I'm considering buying a slide in truck camper for short getaways or fishing on the beach. I have the 3/4 ton super crew truck so it limits me on the length of the unit. I'm impressed with the six pack utility as the weight is low and I can mod it up like I want it. I'll keep the outback for real camping trips but there is times I could use something smaller than the outback but more convienant than the tent. Specific questions would be ease of loading and storage and comfort level. What about the popup kind too. I don't want the great big ones as they would be difficult to haul in the soft sand and I would imagine they wouldn't drive very well. Any converts out there with enlightening info? Thanks...


----------



## 7heaven (Jun 4, 2005)

I grew up with a 11' camper and there were 7 of us. I'm not sure how my parents did it. As I recall, it was pretty simple to off-load onto the driveway when we weren't using it. There were jacks that attached to the 4 corners, you could use them for stability while camping or for pulling the camper off the truck.


----------



## Steelhead (Nov 14, 2005)

I have used one several times and find them convenient for access to places you may not want, or be able, to take a TT. They are easy to off load and use at your destination if there is a level spot. Just be sure that it isn't too heavy for your pickup or you get sway and handling problems etc. Can be really nice for one or two person remote get aways


----------



## Grandeken (Feb 16, 2004)

I had a 11 ft slide in and loved it.

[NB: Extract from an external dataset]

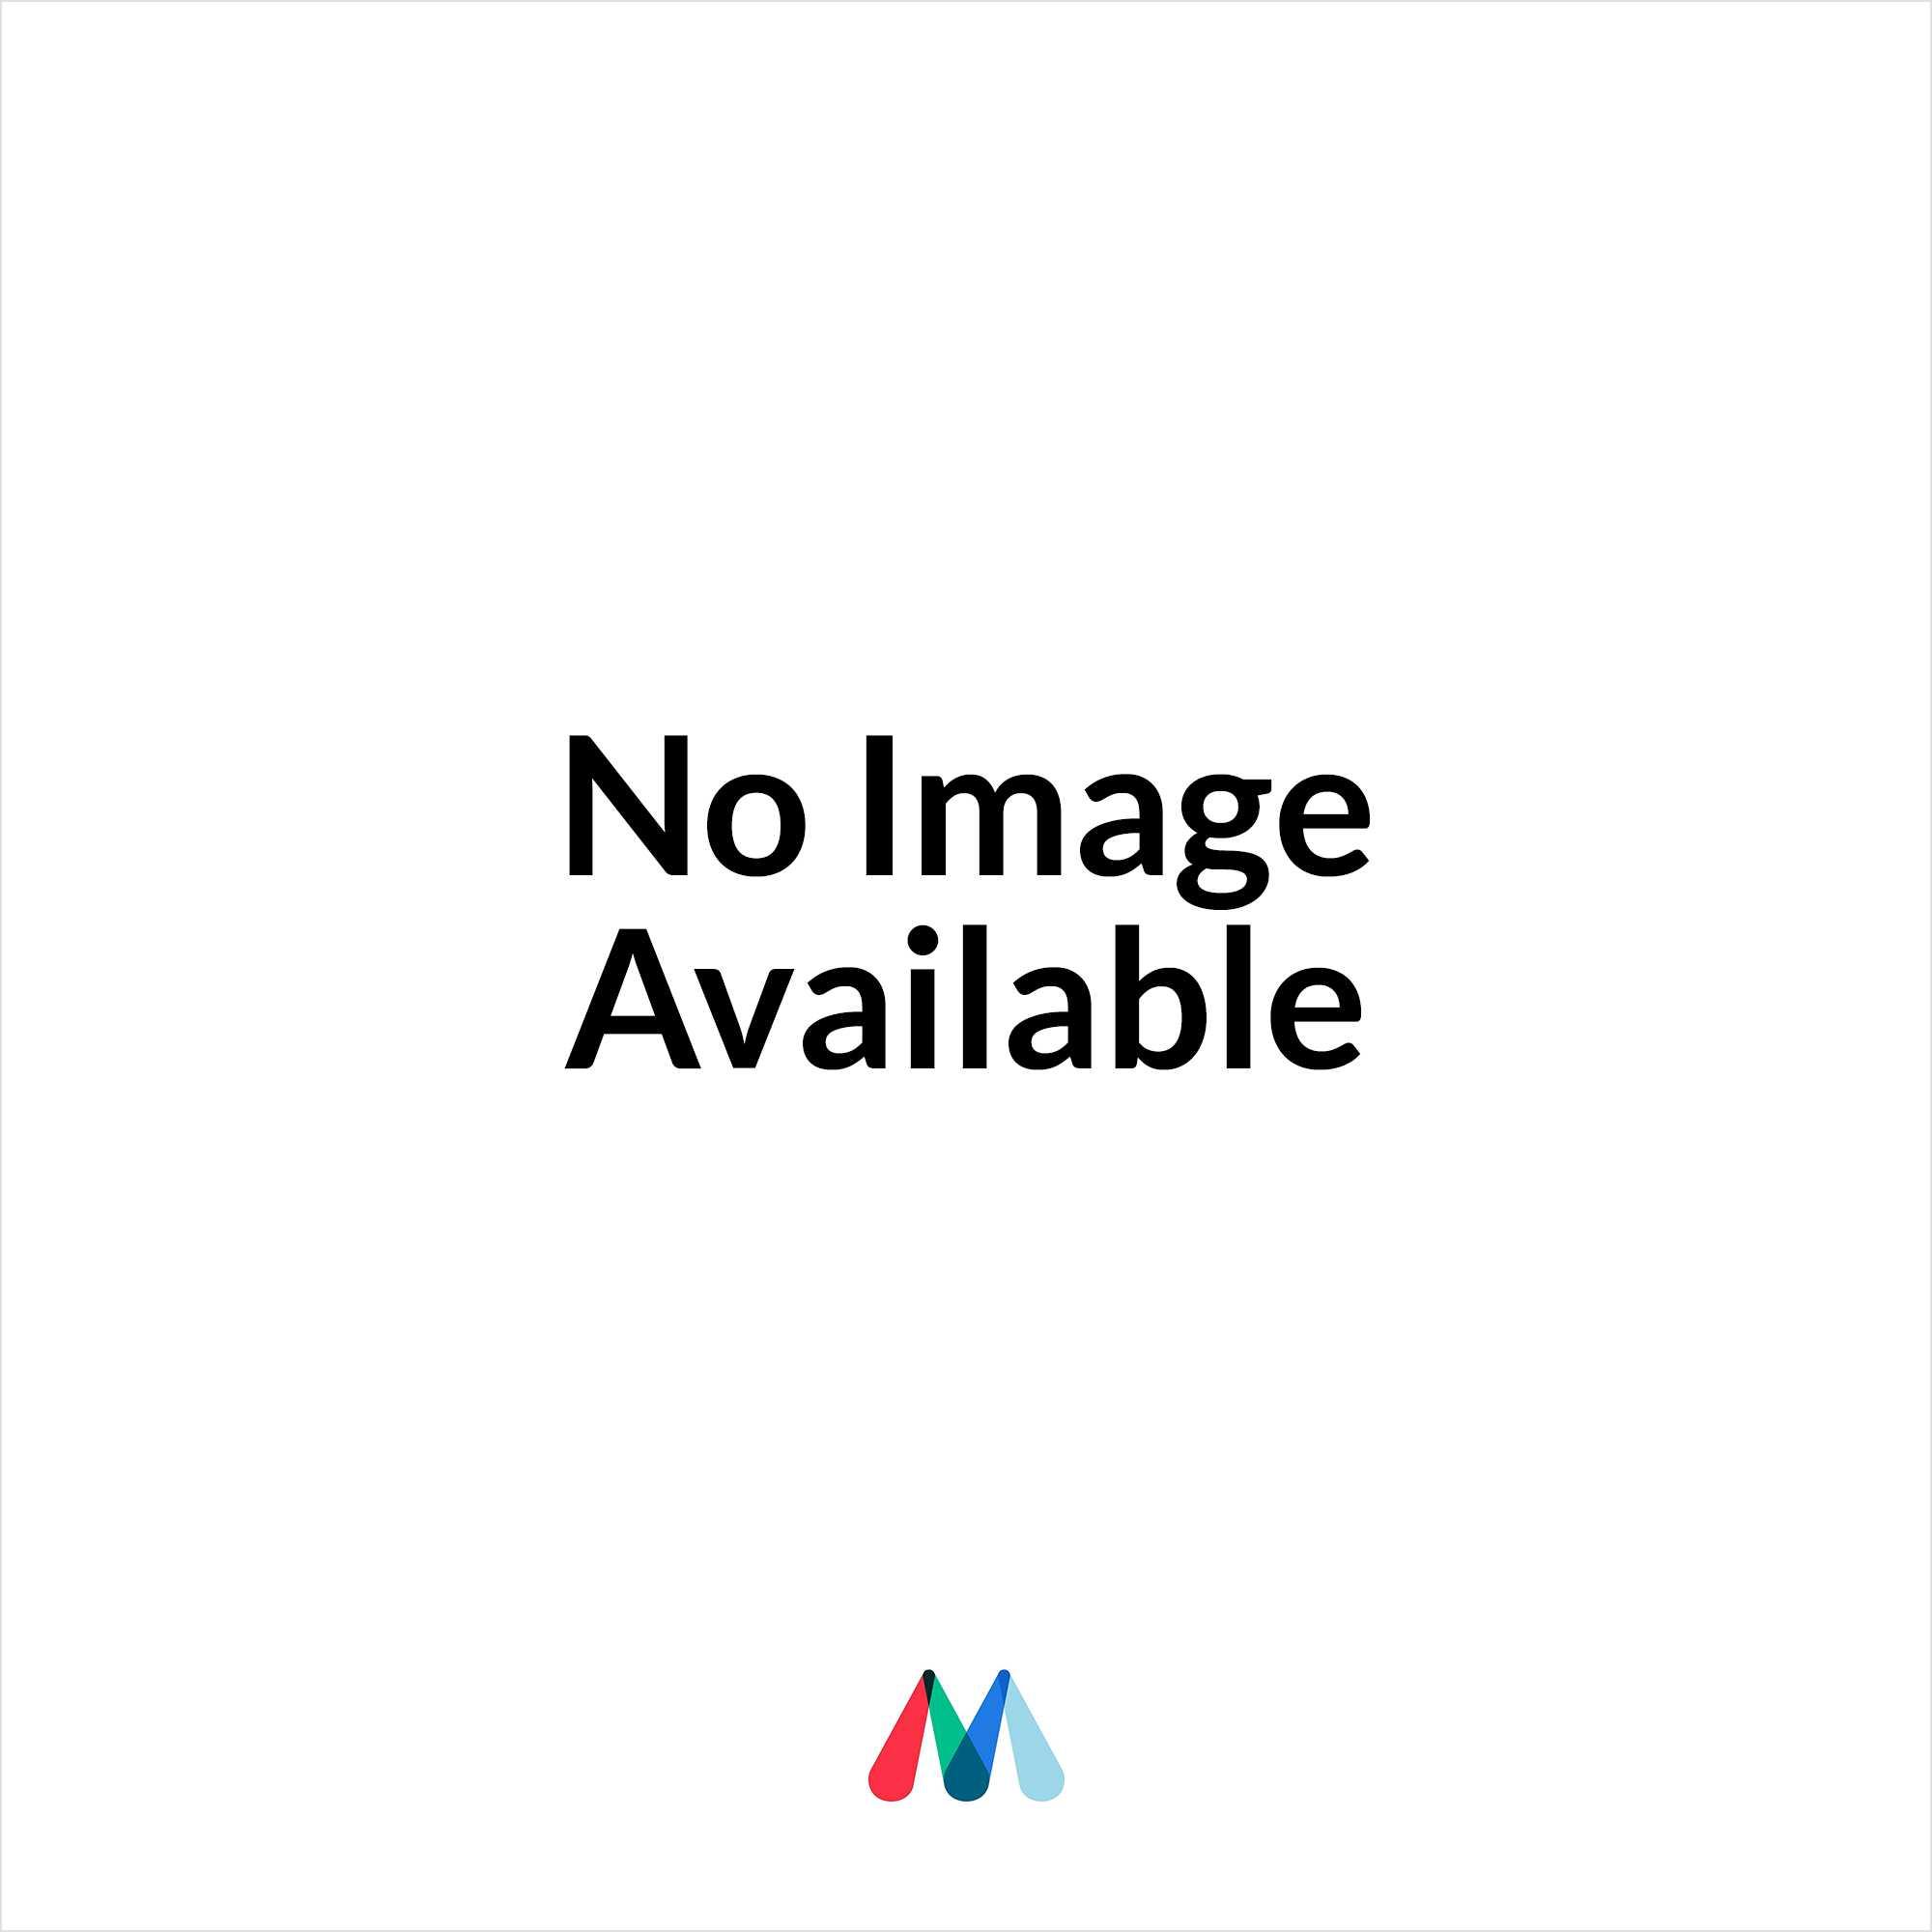 Tiffany Glass Hector medium table lamp

I am sorry that I sold it. was the best for places that are had to get to. for camping and fishing or ATVing Snow mobiling it worked real well. After we bought the 5th wheel I did't think we would use it but I found out the hard way I was wrong. Ken


----------



## Y-Guy (Jan 30, 2004)

You can find these on the used market at pretty good prices. Lance seems to be one of the better ones, but might be to large. If you are looking for a good price let a few area dealers know, they may get one on trade that they are willing to negotiate on. RV.net has a truck camper forum too, might help in your learning quest.


----------



## PDX_Doug (Nov 16, 2004)

A gentleman I work with, has an Arctic Fox slide in camper. Very nice unit, but I feels kind of claustrophobic in it after the 28RS-DS.









Happy Trails,
Doug


----------



## Humpty (Apr 20, 2005)

In your research, don't expect much from the RV Show when it comes to town. I think we only had 1 or 2 max at the show in Raleigh last year.


----------



## nascarcamper (Jan 27, 2005)

I found one on line called a sixpack that you can buy bare bones and fix up like you want. I don't think I want a kitchen and all in there just the bed and seating with storage. Good price and light weight too. Thanks guys. action


----------